Compensation is likely to rise naturally as the renewable energy industry grows and faces pressure to attract more workers, Sunrun, the biggest U.S. rooftop solar company told investors in a recent regulatory filing. Wind technician and solar panel installer are the first and third fastest growing U.S. jobs, according to the Bureau of Labor Statistics.
“The unionization of the industry’s labor force could also increase our labor costs,” Sunrun told investors.
But the wage and benefit gaps, at least for now, pose a political challenge for Biden in winning the support of energy workers and lawmakers for an ambitious clean-energy transition.
“I got into fossil-fuel work for the quality of life and the benefits, and the jobs I’m seeing listed in renewables just don’t offer those things,” said Charlie Sandoval, the 36-year old vice president of a local union that represents workers at several Los Angeles refineries.
The renewable energy industry is aware of the gaps and making early moves to address them.
The Solar Energy Industries Association, the industry’s biggest trade group, told Reuters that it is “ready and willing” to meet with union groups to address pay and labor representation.
Democrats are pushing a bill called the Protecting the Right to Organize Act that calls for sweeping change in labor laws. It would, for instance, weaken “right to work” laws in 27 states that prohibit unions from requiring workers to pay dues as a condition of employment. Biden also supports a Democratic bill written by Oregon Senator Jeff Merkley that would offer renewable energy companies a 10% tax credit for providing good wages and benefits.
Stephenson, of Biden’s transition team, said the Democrats might need to take control of the U.S. Senate in the elections in order to pass such laws.
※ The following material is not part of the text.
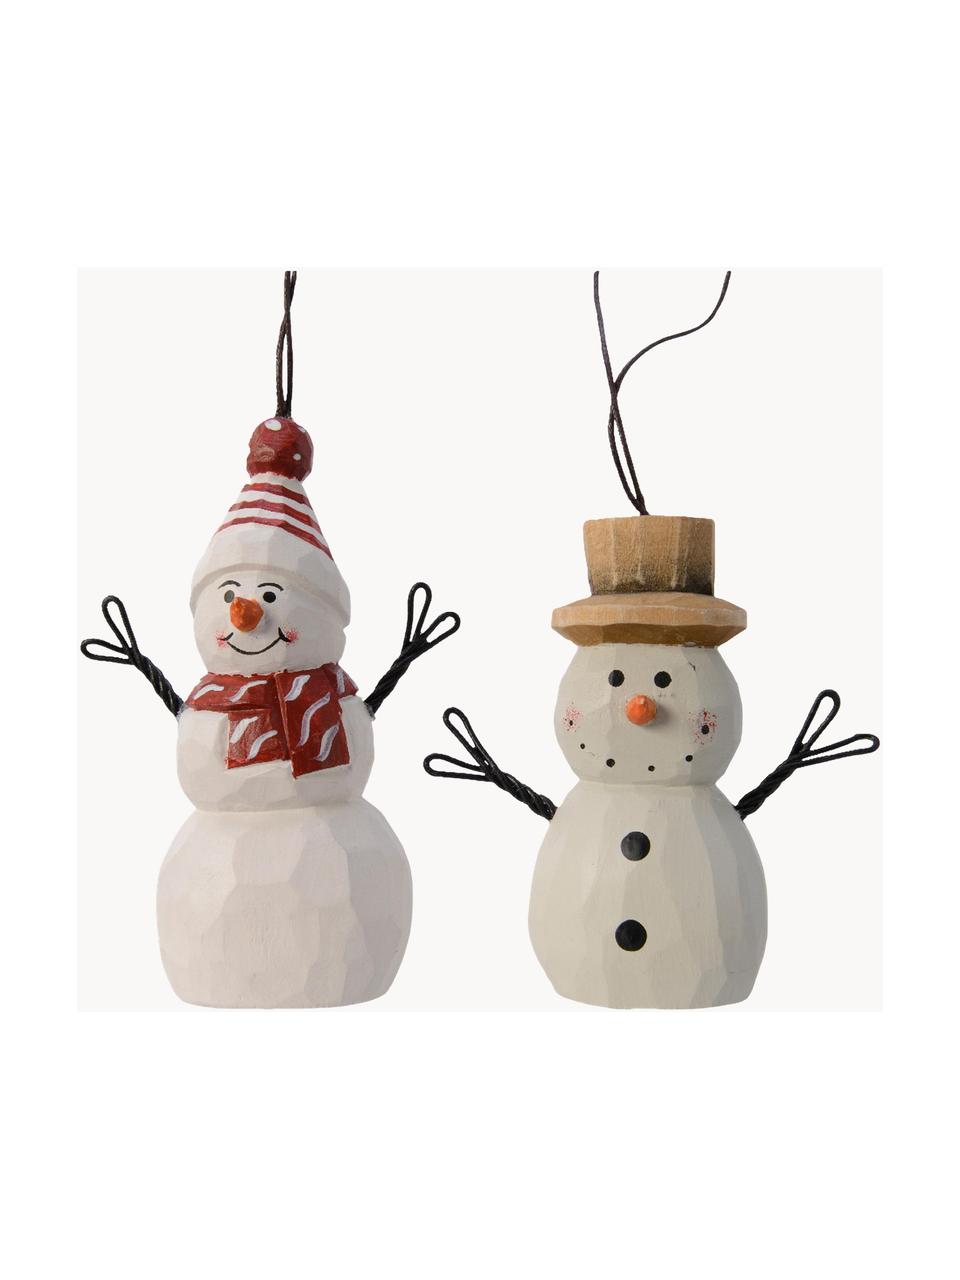 Sada ozdob na stromeček Snowman, 2 díly, Dřevo, Bílá, béžová, červená, černá, Sada s různými velikostmi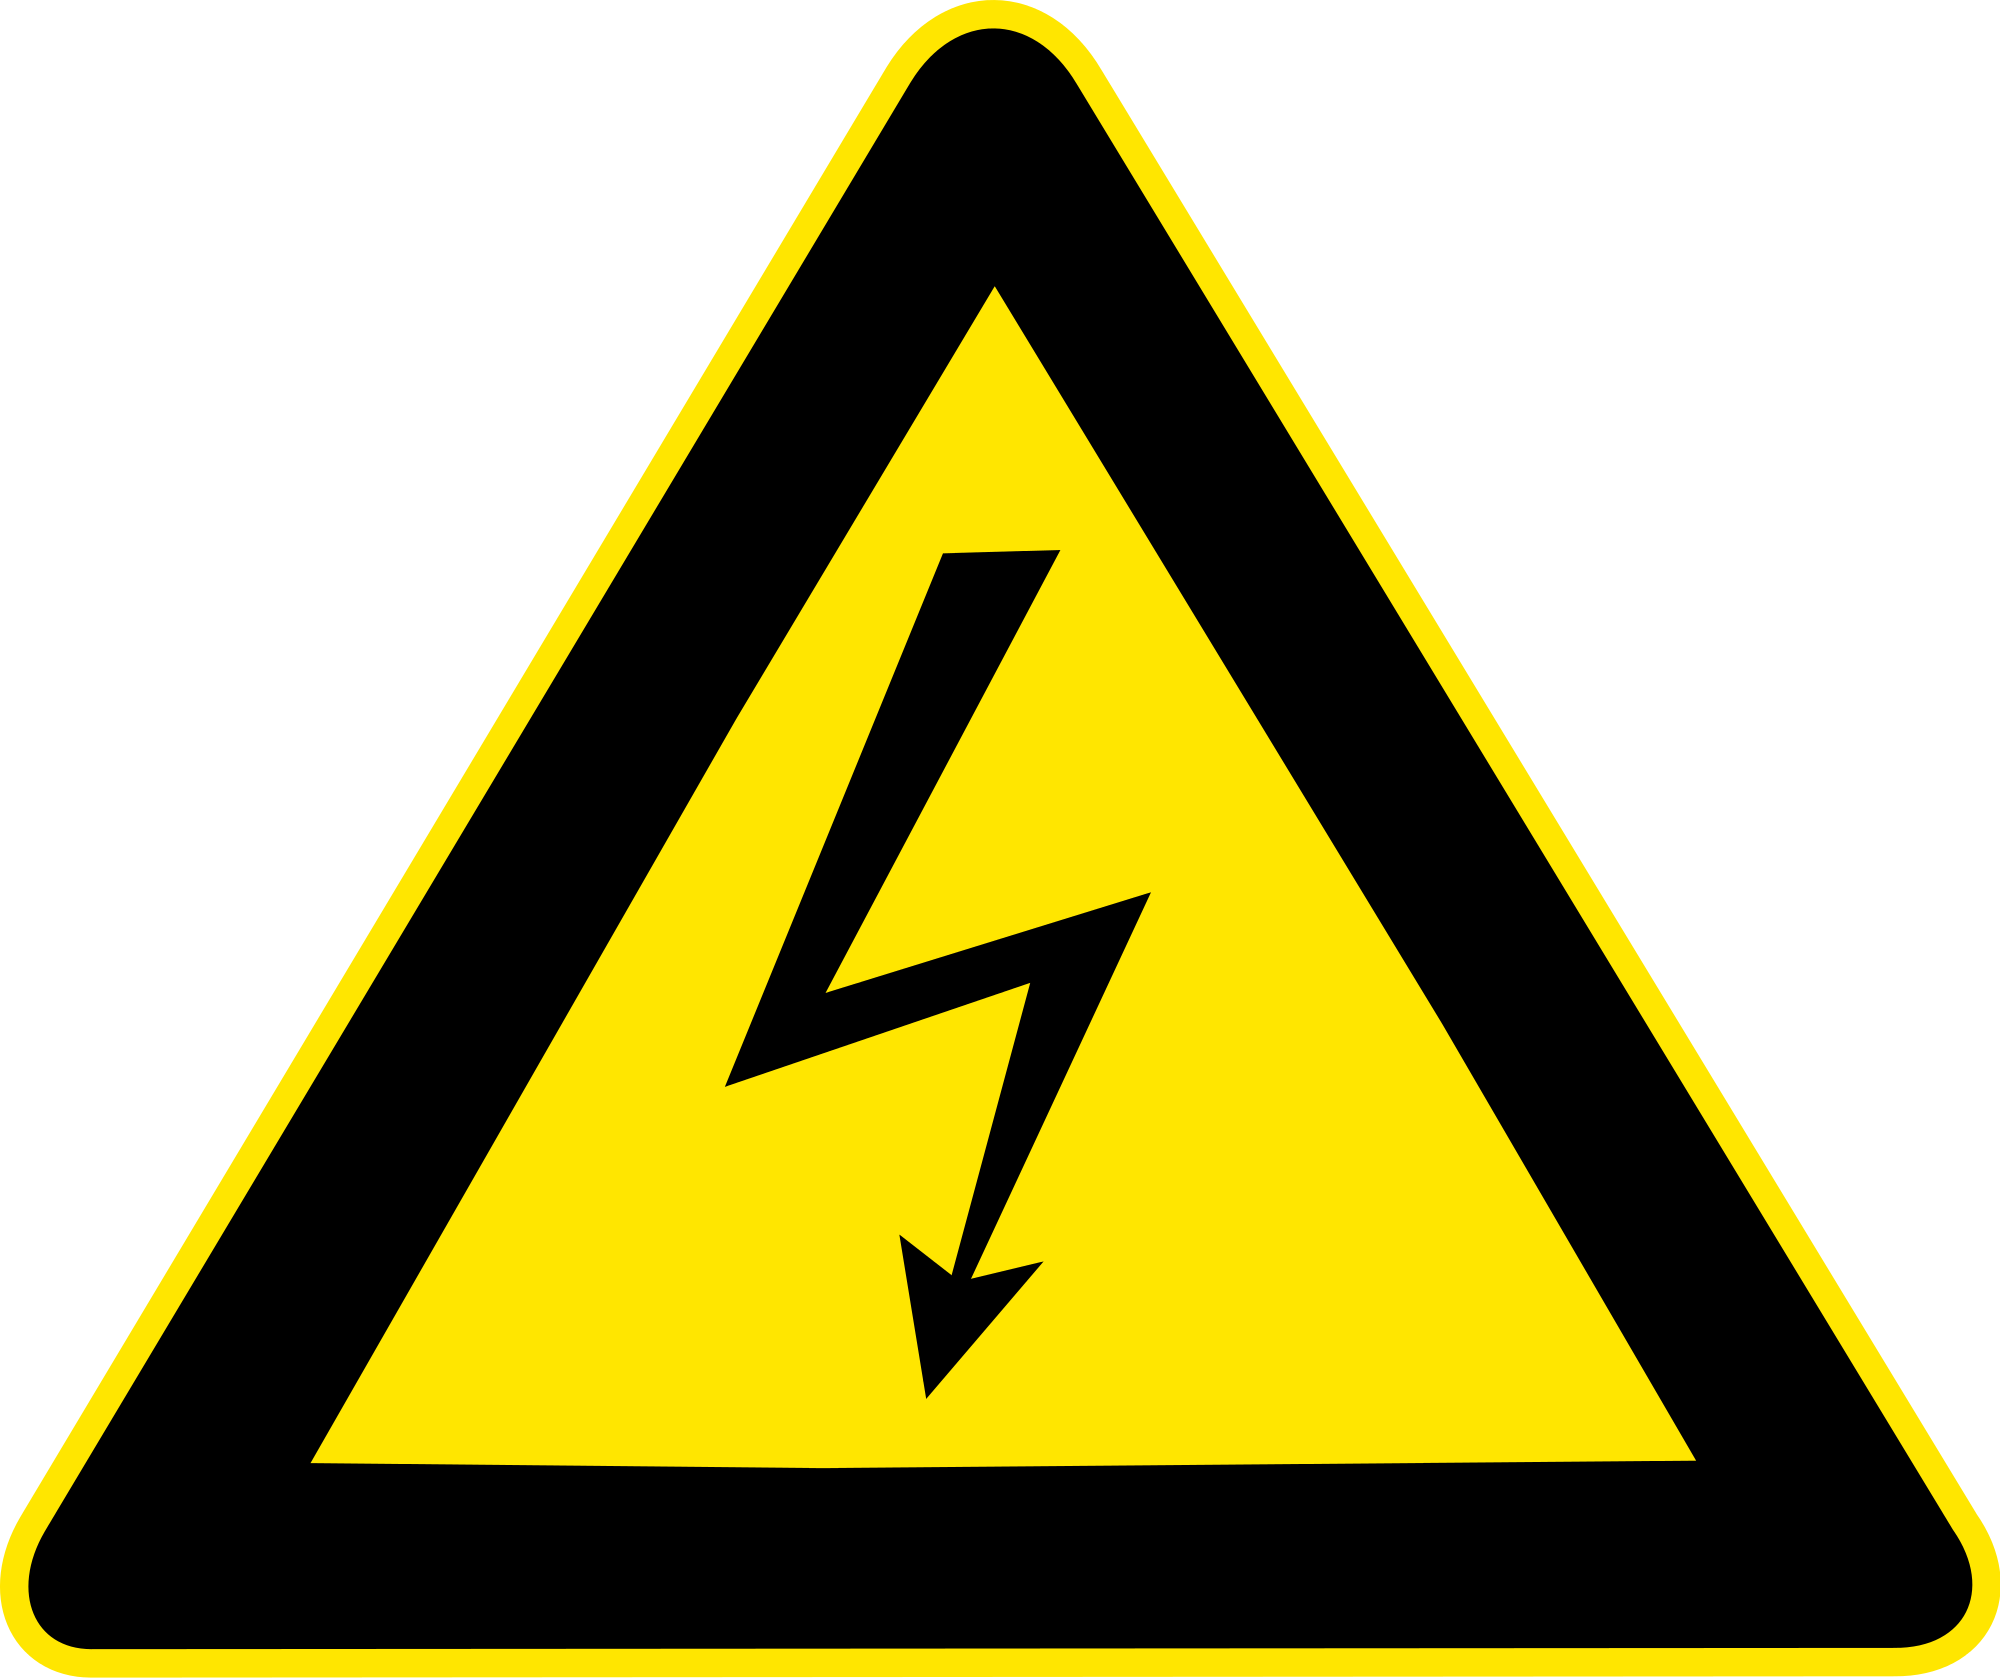 Caution High Voltage Sign - ClipArt Best

Stephenson said Biden’s plan would also create jobs beyond the wind and solar sectors. It includes goals, for instance, of updating the electric grid, boosting energy efficiency and installing a half million electric car chargers across the country by 2030.
CARS IN THE PARKING LOT
Beyond policy fights, the clean-energy sector faces more fundamental challenges in matching the job creation of fossil-fuels industries. Labor leaders also worry that clean-energy jobs will not be created in the same communities where fossil fuel jobs are lost – or even in the United States.
The U.S. solar industry is highly dependent on foreign manufacturing with imports satisfying about 84% of U.S. demand for solar cells and modules in 2019, according to figures from the Blue Green Alliance. The American Wind Energy Association estimates that between 30% and 50% of a typical U.S. wind project’s value is currently imported.
“That’s not going to cut it if we want to move toward this new green economy,” said Sean McGarvey, president of North America’s Building Trades Unions, which gave a last-minute endorsement to Biden last week.
Wind and solar projects, once installed, also do not require the kind of intensive labor seen at an oil field or a coal mine.
About 800,000 people were employed in the production, transmission, storage and combustion of natural gas and coal for electricity in the United States in 2020, according to the U.S. Energy and Employment Report. That compared to around 350,000 people in wind and solar – almost all of whom were employed in construction or installation, rather than in production or transmission, according to the report.
“I challenge you to drive past an operating solar field,” said Mark Johnson, business manager of the Tri-State Building Trades, representing 50 construction unions in Kentucky, Ohio and West Virginia. “What you won’t see are cars parked where people are working.”